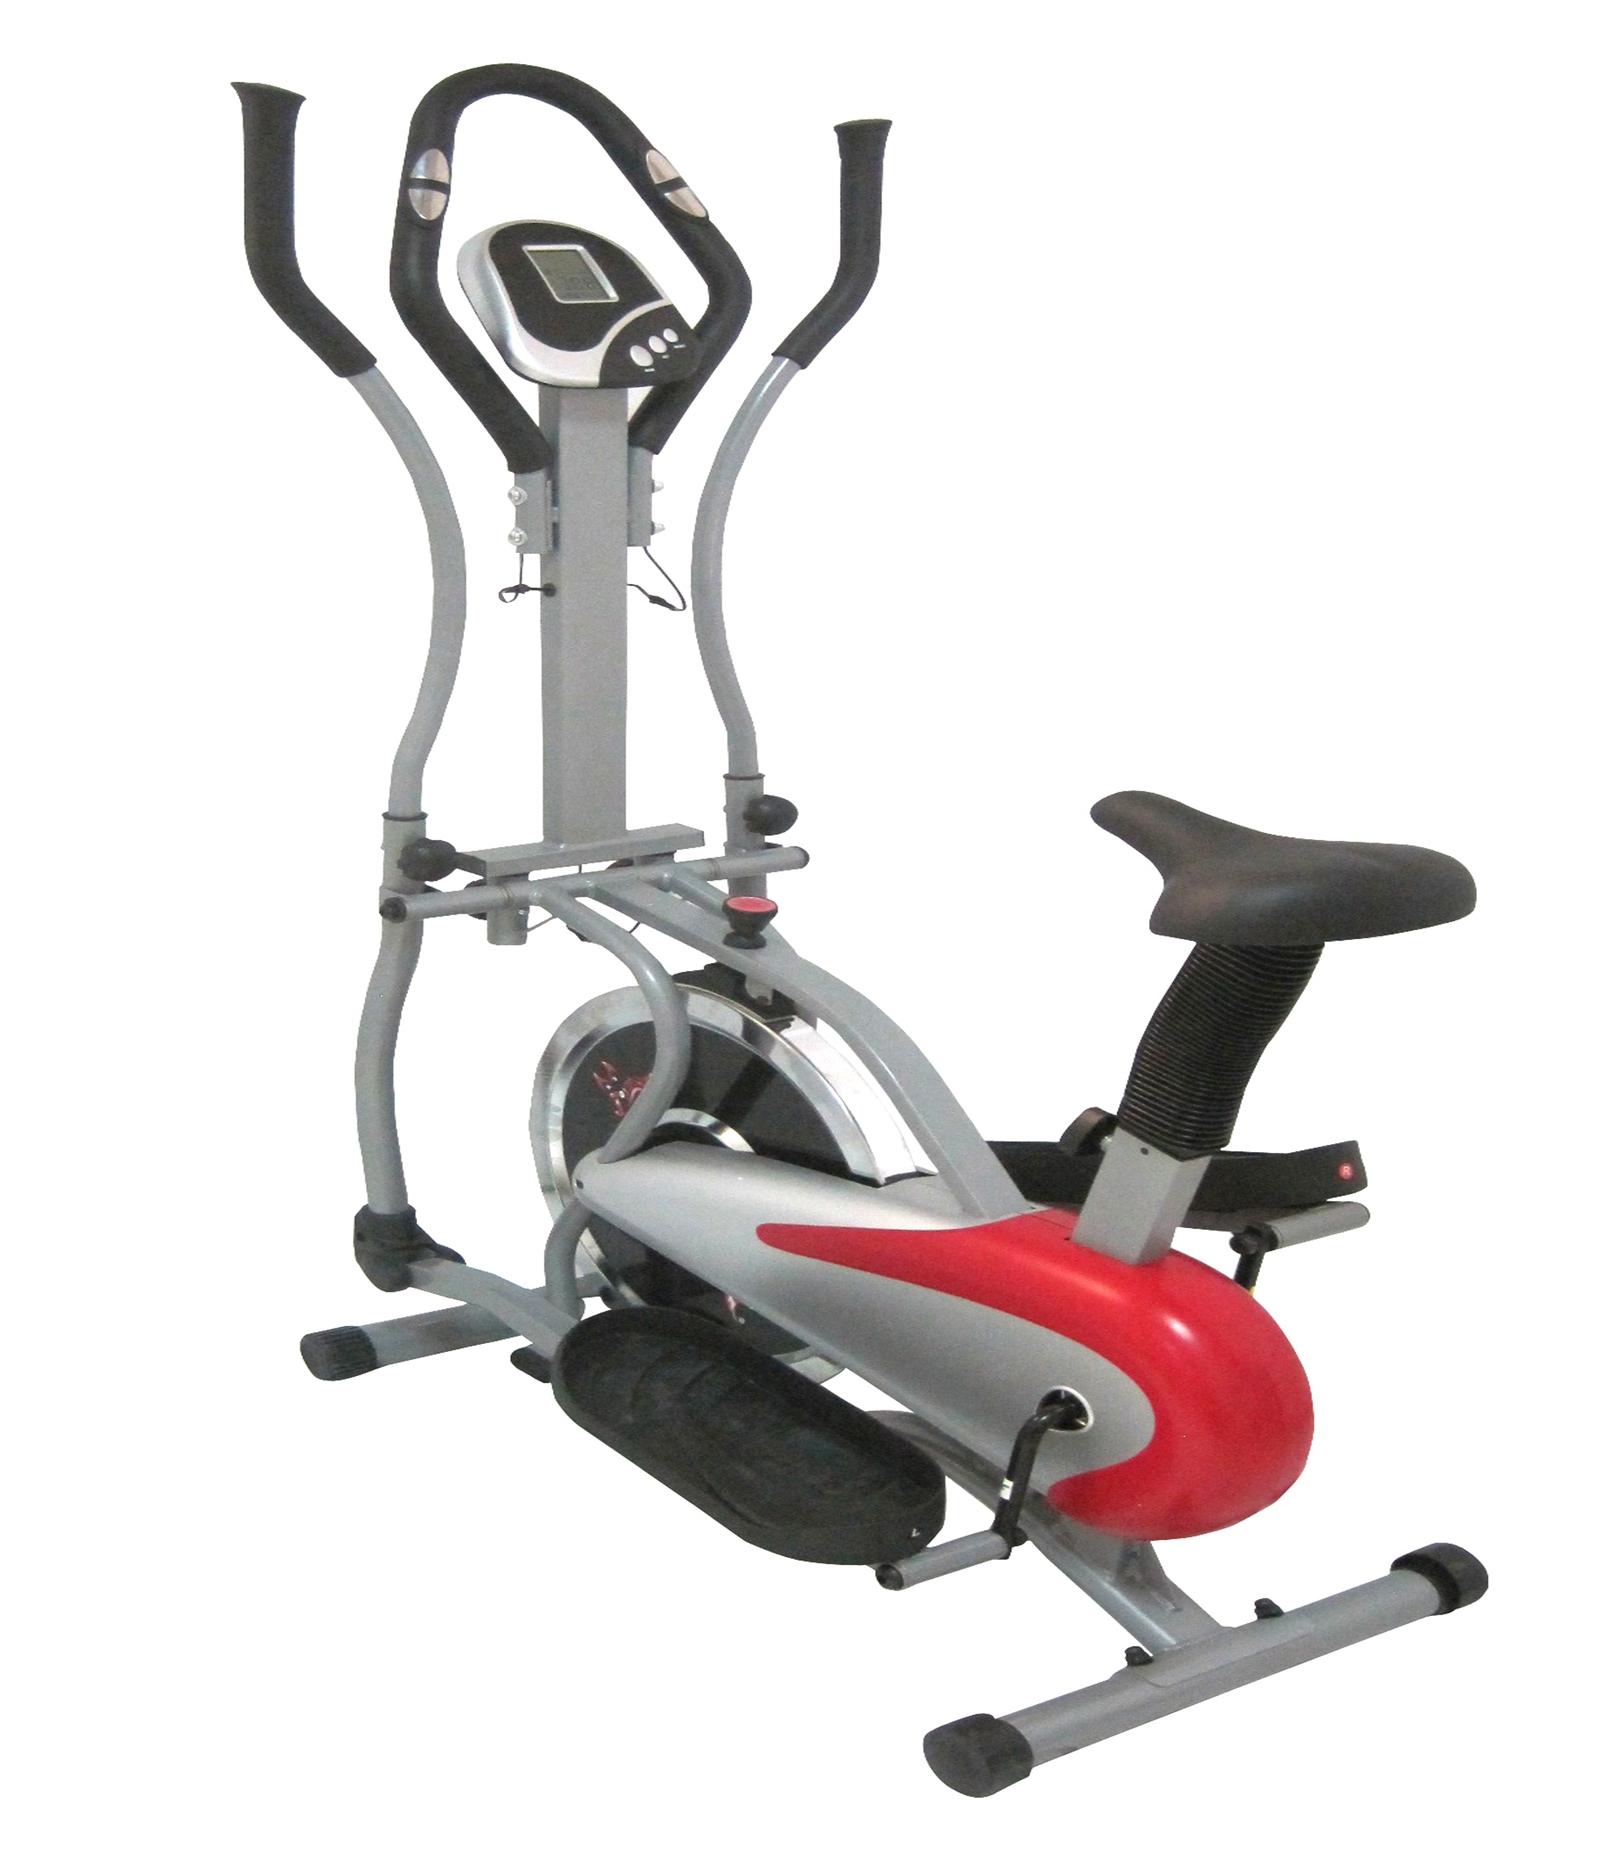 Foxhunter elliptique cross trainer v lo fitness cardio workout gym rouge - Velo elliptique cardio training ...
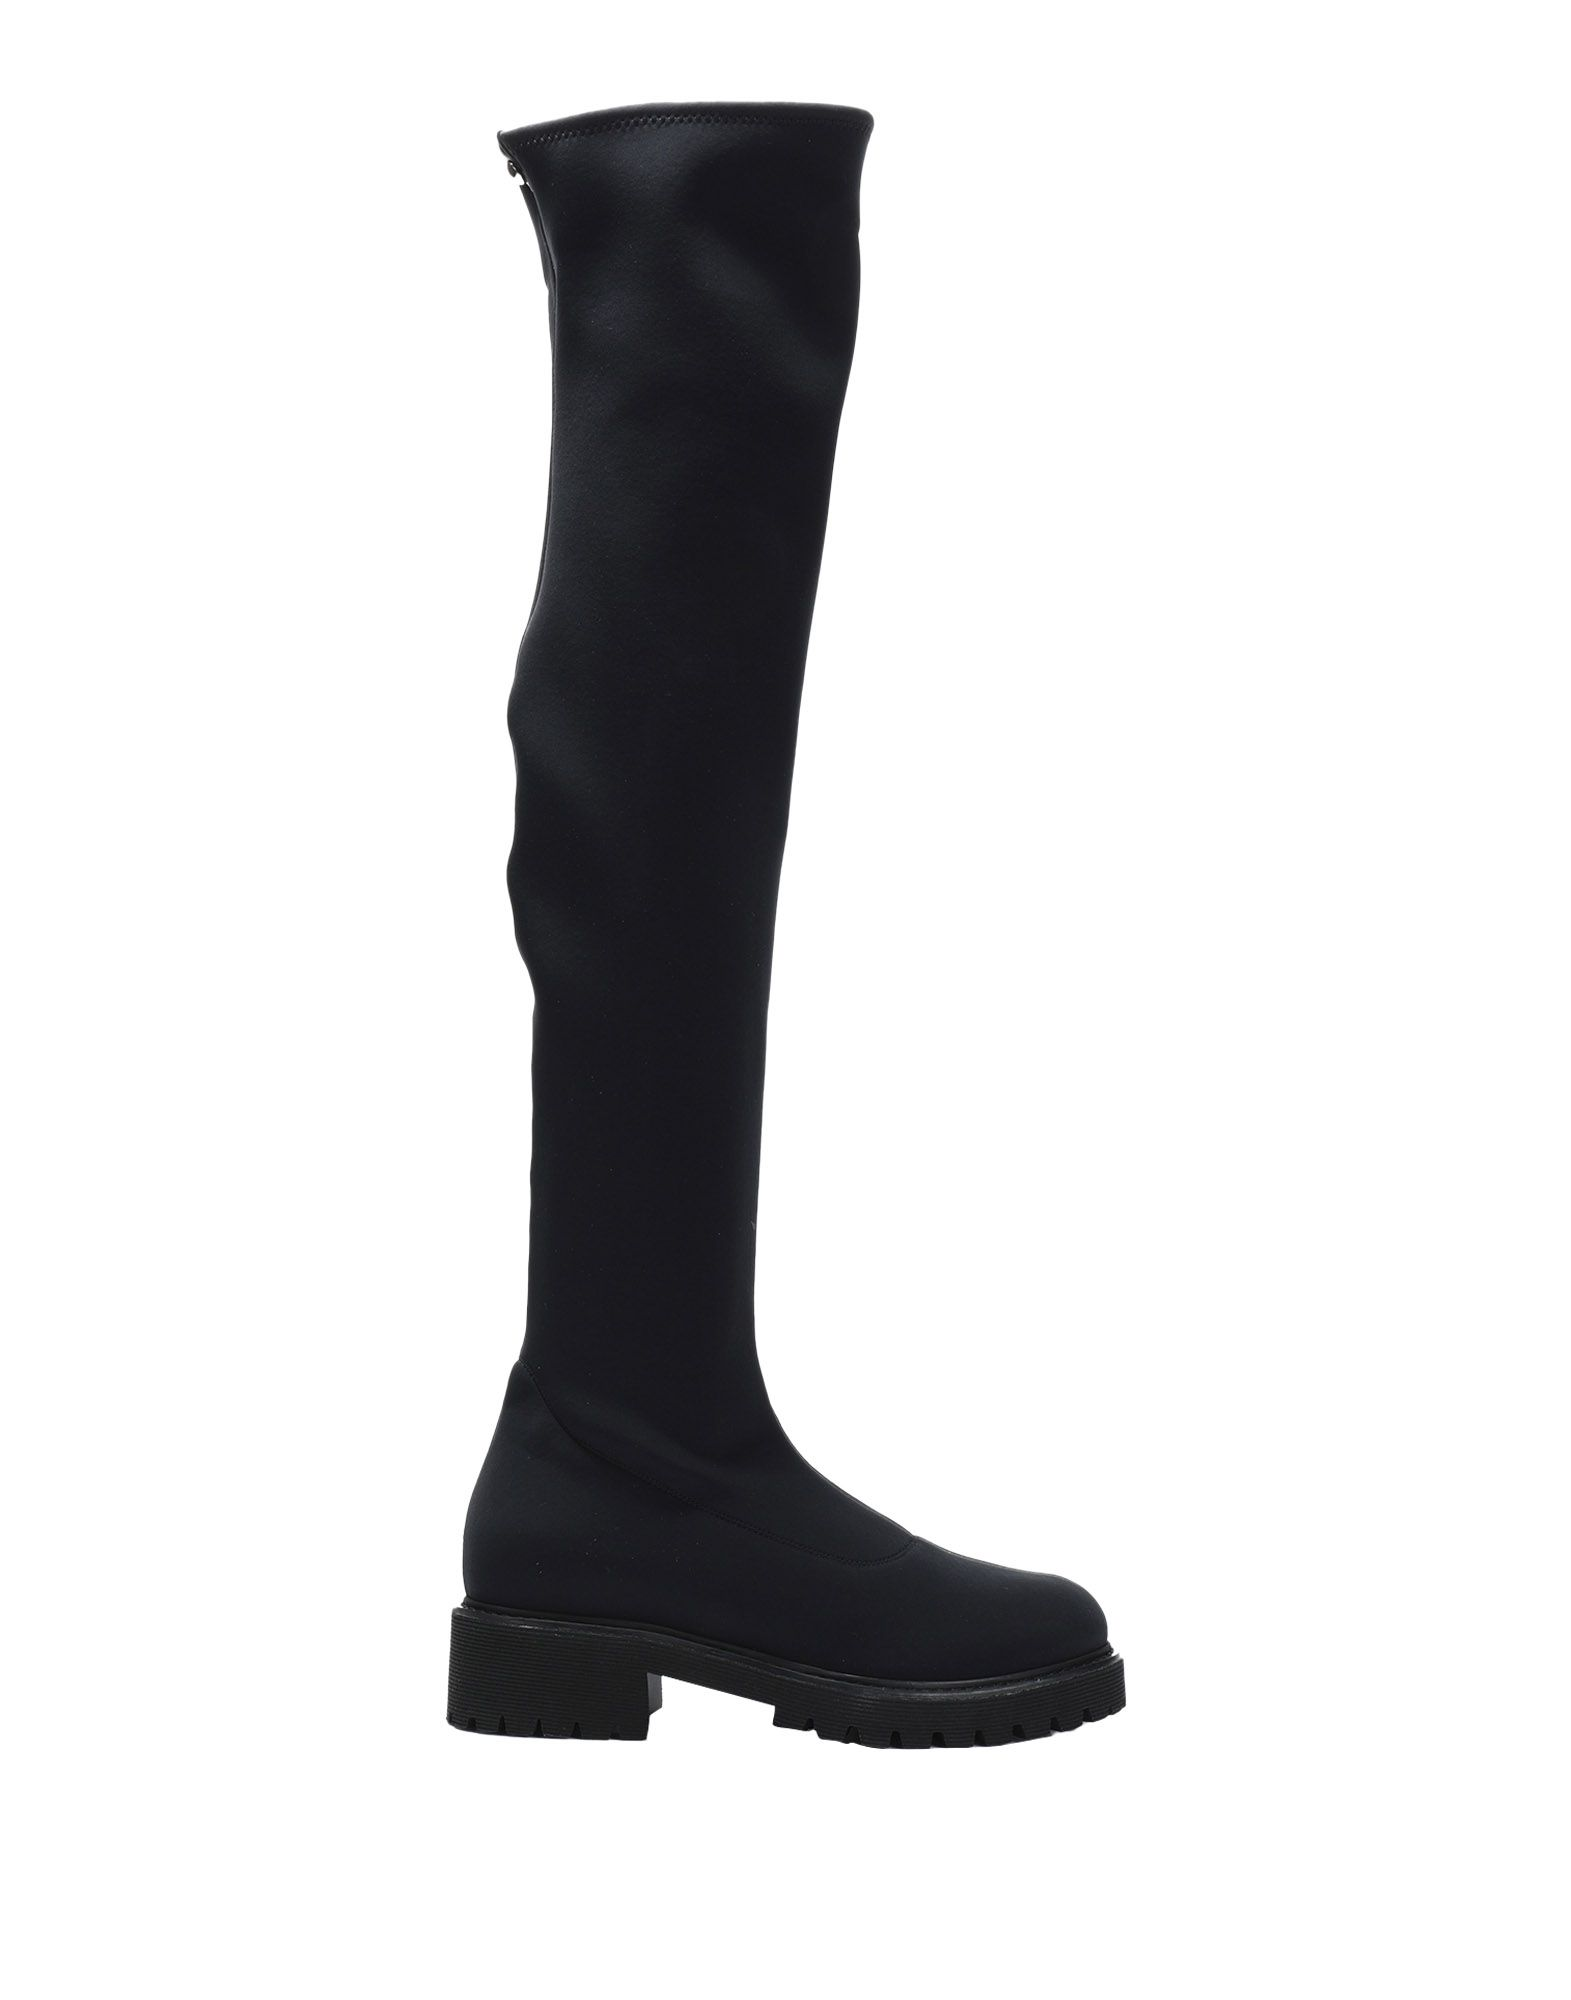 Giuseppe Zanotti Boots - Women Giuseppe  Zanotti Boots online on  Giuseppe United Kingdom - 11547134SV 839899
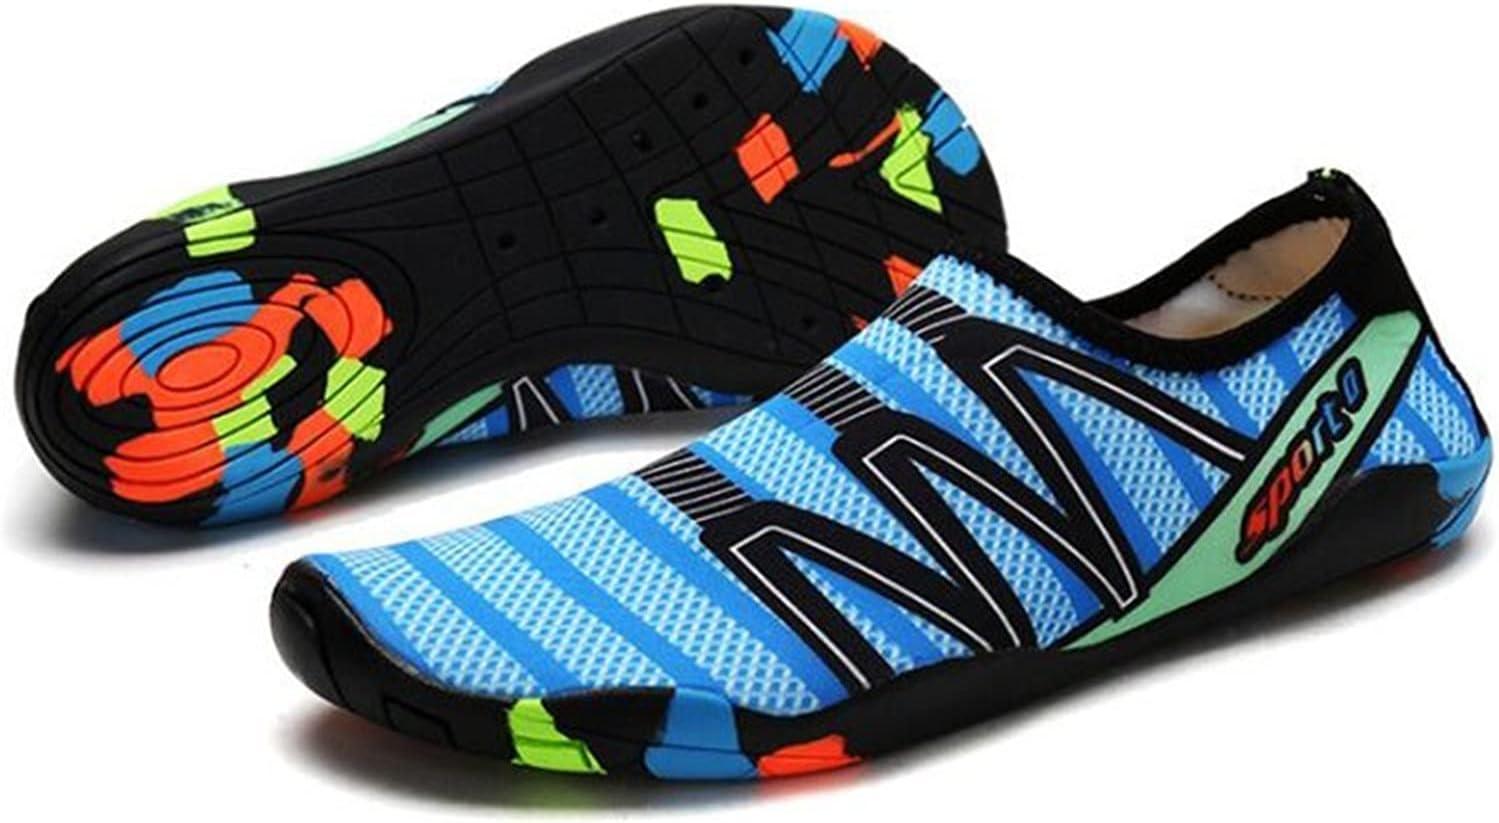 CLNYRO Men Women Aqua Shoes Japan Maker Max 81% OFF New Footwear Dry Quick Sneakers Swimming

→ Task goal
Reproduce the whole listing above word for word, but not its pictures.

→ Written solution
 Foxhunter elliptique cross trainer v lo fitness cardio workout gym rouge - Velo elliptique cardio training ...
 Giuseppe Zanotti Boots - Women Giuseppe  Zanotti Boots online on  Giuseppe United Kingdom - 11547134SV 839899
 CLNYRO Men Women Aqua Shoes Japan Maker Max 81% OFF New Footwear Dry Quick Sneakers Swimming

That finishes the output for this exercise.